So, how do I do this in Python?
Answers:
The easiest way to do this (in my opinion), is to project things into (a very simple) equal-area projection and use one of the usual planar techniques for calculating area.
First off, I’m going to assume that a spherical earth is close enough for your purposes, if you’re asking this question. If not, then you need to reproject your data using an appropriate ellipsoid, in which case you’re going to want to use an actual projection library (everything uses proj4 behind the scenes, these days) such as the python bindings to GDAL/OGR or (the much more friendly) pyproj.
However, if you’re okay with a spherical earth, it quite simple to do this without any specialized libraries.
The simplest equal-area projection to calculate is a sinusoidal projection. Basically, you just multiply the latitude by the length of one degree of latitude, and the longitude by the length of a degree of latitude and the cosine of the latitude.
def reproject(latitude, longitude):
"""Returns the x & y coordinates in meters using a sinusoidal projection"""
from math import pi, cos, radians
earth_radius = 6371009 # in meters
lat_dist = pi * earth_radius / 180.0
y = [lat * lat_dist for lat in latitude]
x = [long * lat_dist * cos(radians(lat))
for lat, long in zip(latitude, longitude)]
return x, y
Okay… Now all we have to do is to calculate the area of an arbitrary polygon in a plane.
There are a number of ways to do this. I’m going to use what is probably the most common one here.
def area_of_polygon(x, y):
"""Calculates the area of an arbitrary polygon given its verticies"""
area = 0.0
for i in range(-1, len(x)-1):
area += x[i] * (y[i+1] - y[i-1])
return abs(area) / 2.0
Hopefully that will point you in the right direction, anyway…
Because the earth is a closed surface a closed polygon drawn on its surface creates TWO polygonal areas. You also need to define which one is inside and which is outside!
Most times people will be dealing with small polygons, and so it’s ‘obvious’ but once you have things the size of oceans or continents, you better make sure you get this the right way round.
Also, remember that lines can go from (-179,0) to (+179,0) in two different ways. One is very much longer than the other. Again, mostly you’ll make the assumption that this is a line that goes from (-179,0) to (-180,0) which is (+180,0) and then to (+179,0), but one day… it won’t.
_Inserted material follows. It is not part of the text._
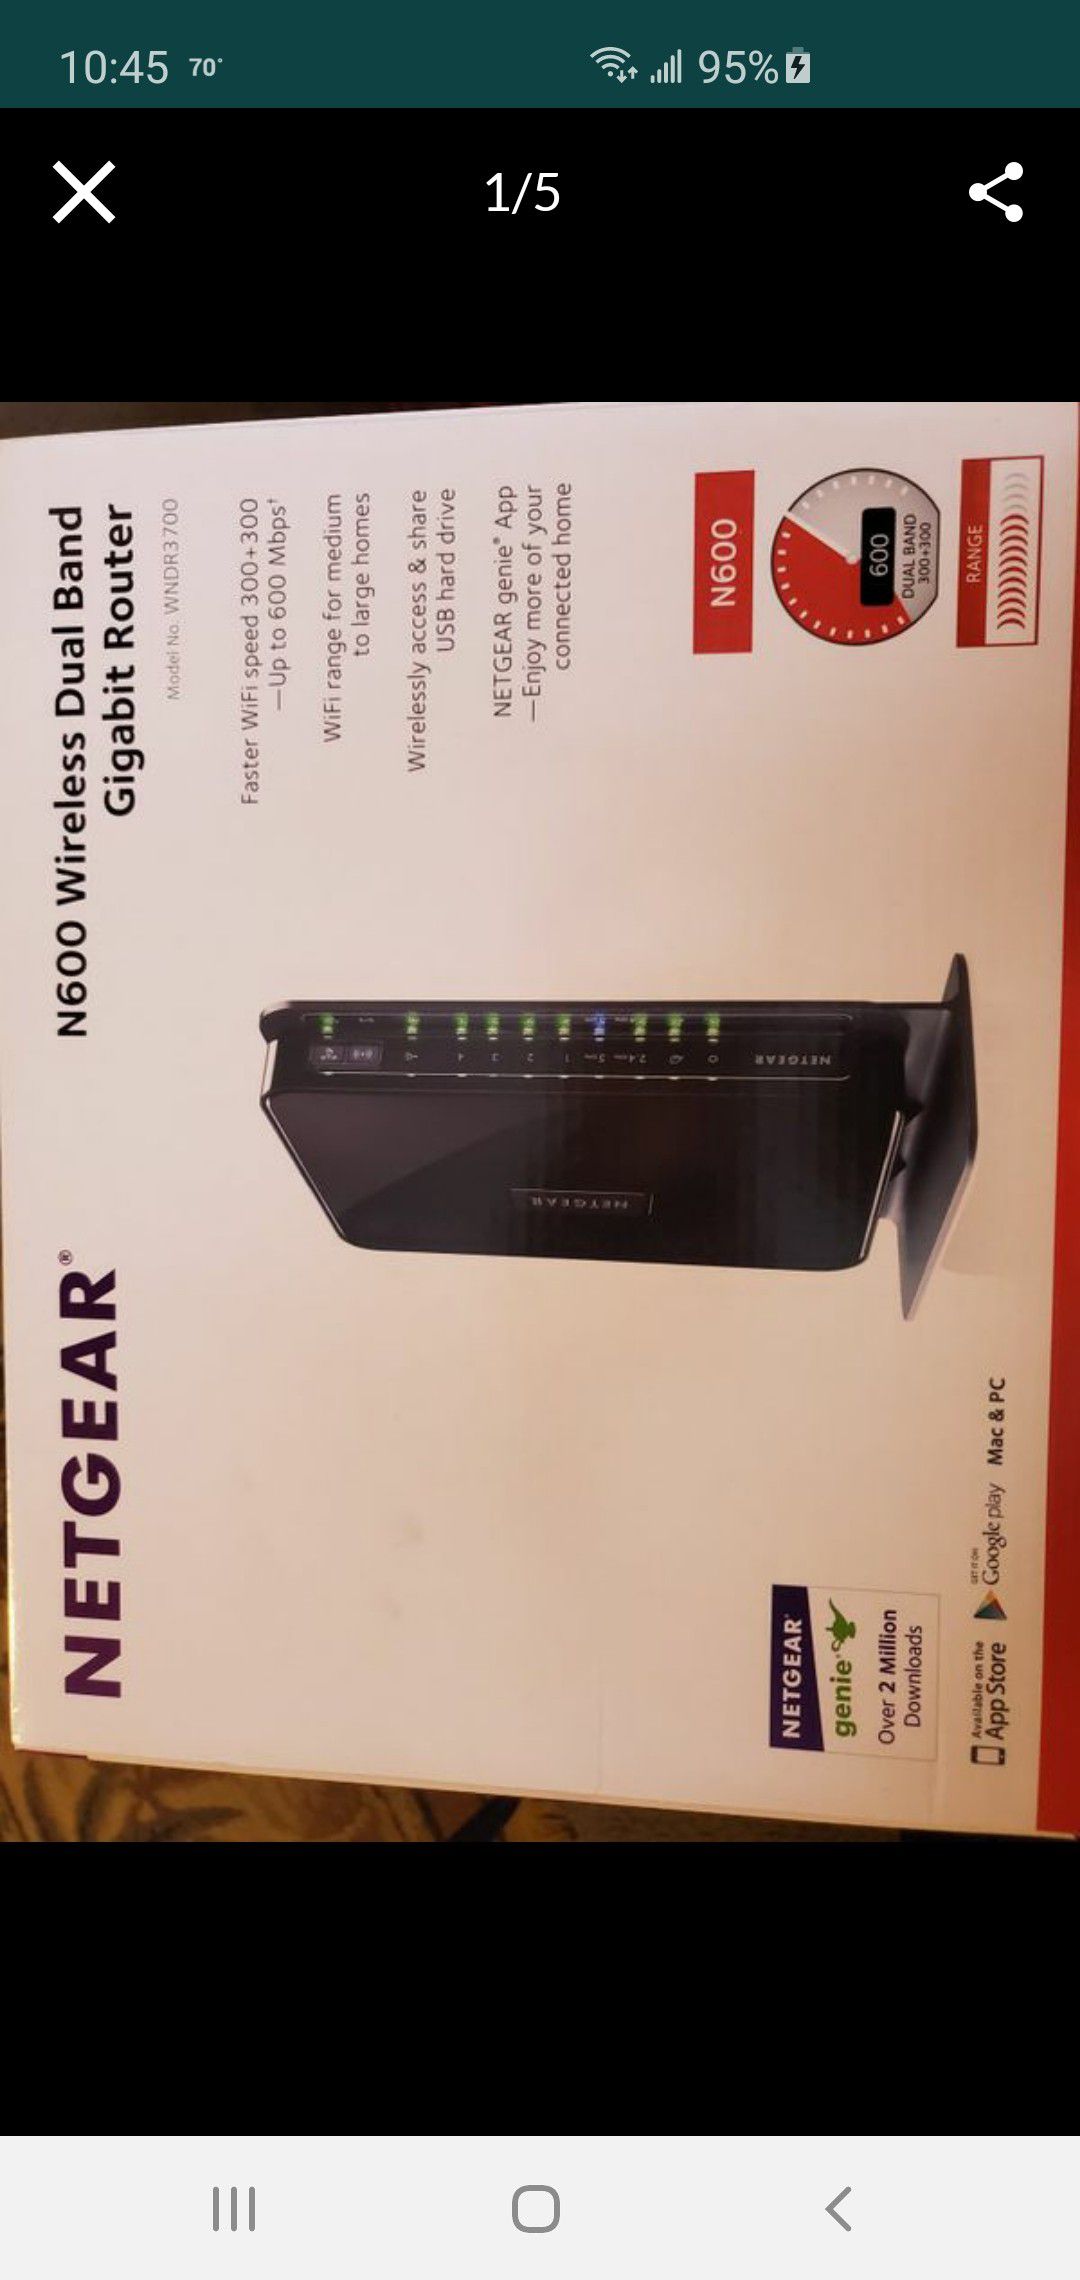 Netgear N600 wireless router

Treating lat-long like a simple (x,y) coordinate system, or even neglecting the fact that any coordinate projection is going to have distortions and breaks, can make you fail big-time on spheres.
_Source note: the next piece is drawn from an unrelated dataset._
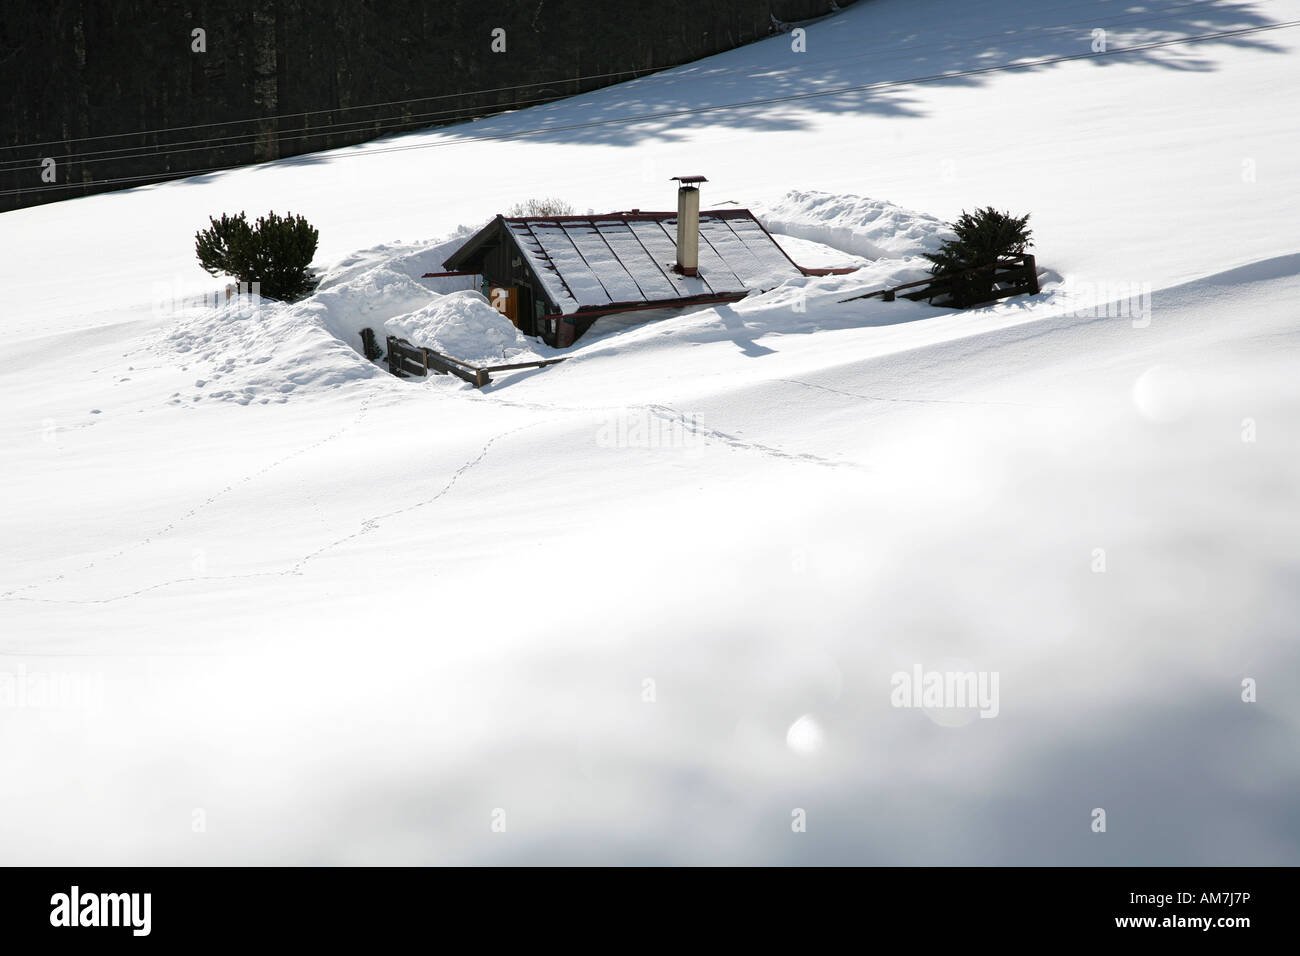 Snowed in mountain hut Stock Photo

Let’s say you have a representation of the state of Colorado in GeoJSON format
{"type": "Polygon",
"coordinates": [[
[-102.05, 41.0],
[-102.05, 37.0],
[-109.05, 37.0],
[-109.05, 41.0]
]]}
All coordinates are longitude, latitude. You can use pyproj to project the coordinates and Shapely to find the area of any projected polygon:
co = {"type": "Polygon", "coordinates": [
[(-102.05, 41.0),
(-102.05, 37.0),
(-109.05, 37.0),
(-109.05, 41.0)]]}
lon, lat = zip(*co['coordinates'][0])
from pyproj import Proj
pa = Proj("+proj=aea +lat_1=37.0 +lat_2=41.0 +lat_0=39.0 +lon_0=-106.55")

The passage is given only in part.